Please share how you did you converted a single class trained model through openvino

Hyodo__Katsuya · ‎03-01-2019

The following may be helpful. https://github.com/mystic123/tensorflow-yolo-v3/issues/64

Batra__Dhruv · ‎03-01-2019

@Hyodo, Katsuya

root@night:/opt/github/tensorflow-yolo-v3# python3 convert_weights_pb.py
Traceback (most recent call last):
File "convert_weights_pb.py", line 52, in <module>
tf.app.run()
File "/usr/local/lib/python3.5/dist-packages/tensorflow/python/platform/app.py", line 125, in run
_sys.exit(main(argv))
File "convert_weights_pb.py", line 42, in main
load_ops = load_weights(tf.global_variables(scope='detector'), FLAGS.weights_file)
File "/opt/github/tensorflow-yolo-v3/utils.py", line 115, in load_weights
(shape[3], shape[2], shape[0], shape[1]))
ValueError: cannot reshape array of size 211871 into shape (256,128,3,3)
Didnt work out
can you share your coco.names file

Tegwyn_Twmffat · ‎03-16-2019

@Batra, Dhruv

coco.names = person ..... Fixed the problem for me.
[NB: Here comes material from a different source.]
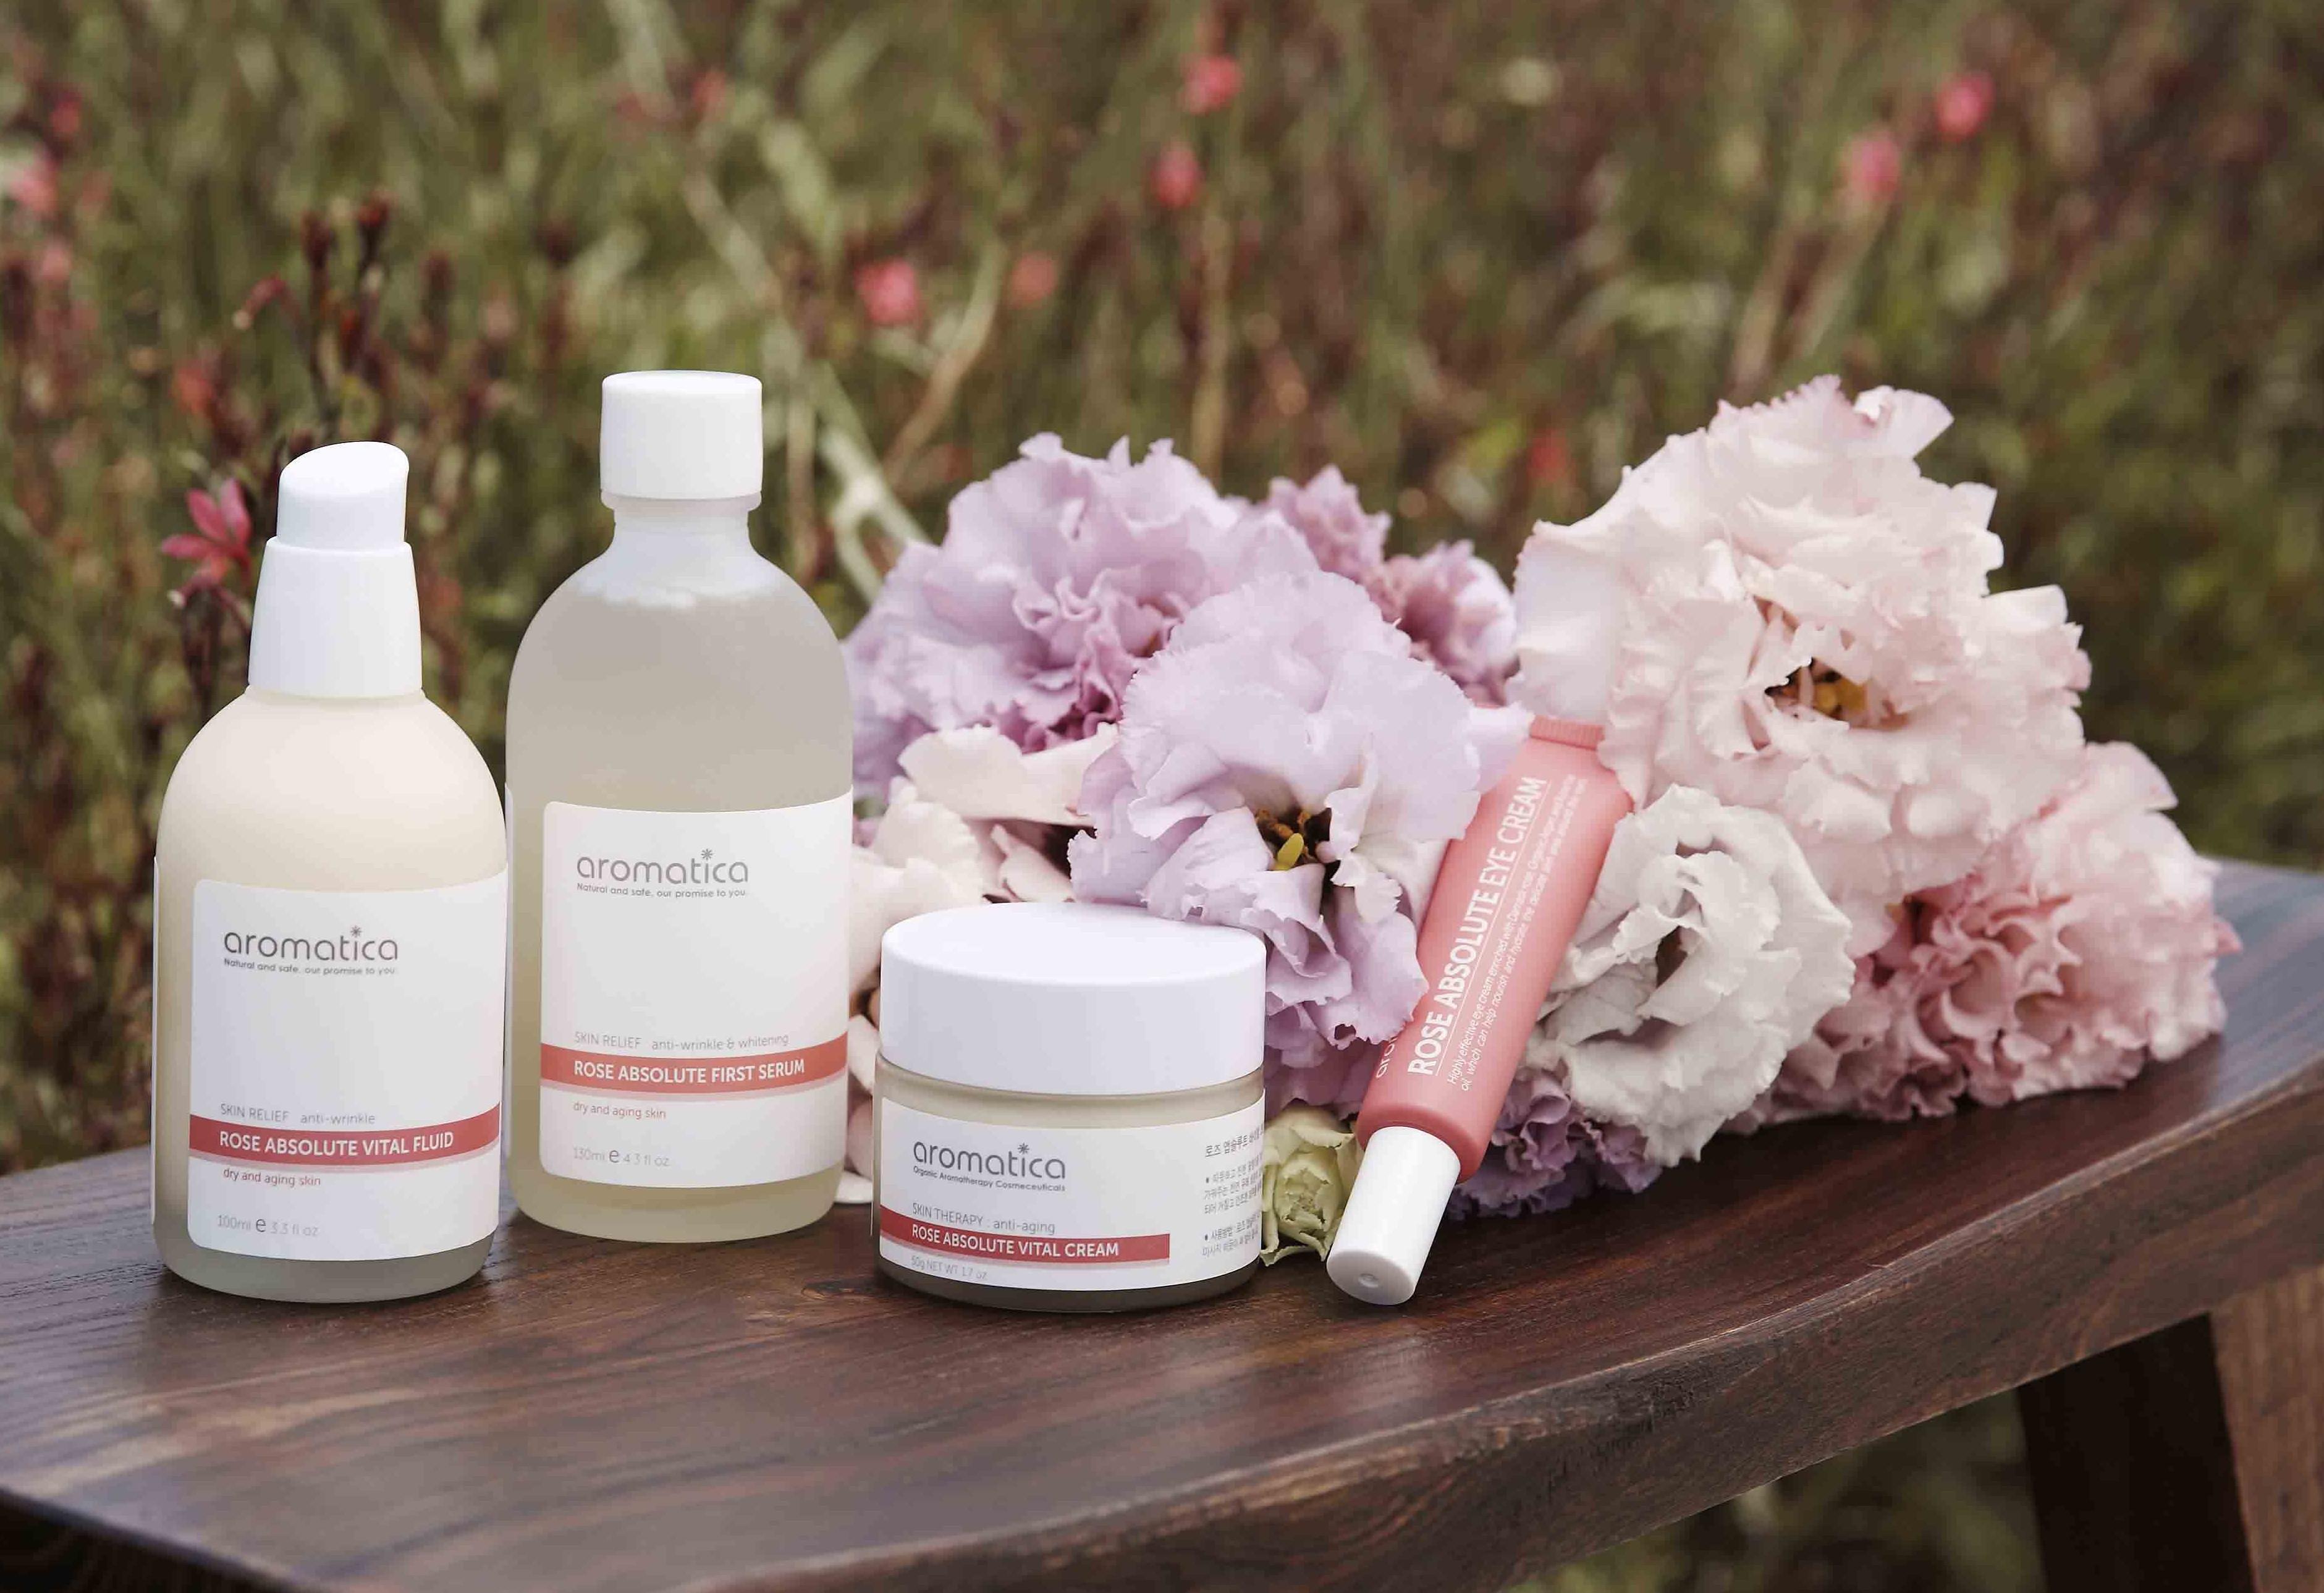 aromatica保加利亞玫瑰系列 今個春天為您的肌膚發起水潤美肌革命

Also, keep your images no bigger than 224 x 224 or NCS2 will fail.

@JOSEPH M. (Intel)

By the way, I have been trying to port my single class YoloV3 model to NCS2 as above and can confirm the same problems as J.Niko had regarding the multiple random bounding boxes. The model worked fine in YoloV3 environment, but failed in conversion to .bin file, i guess.

Obviously this needs fixing ...... I'm a very patient person, but any idea when? Thanks!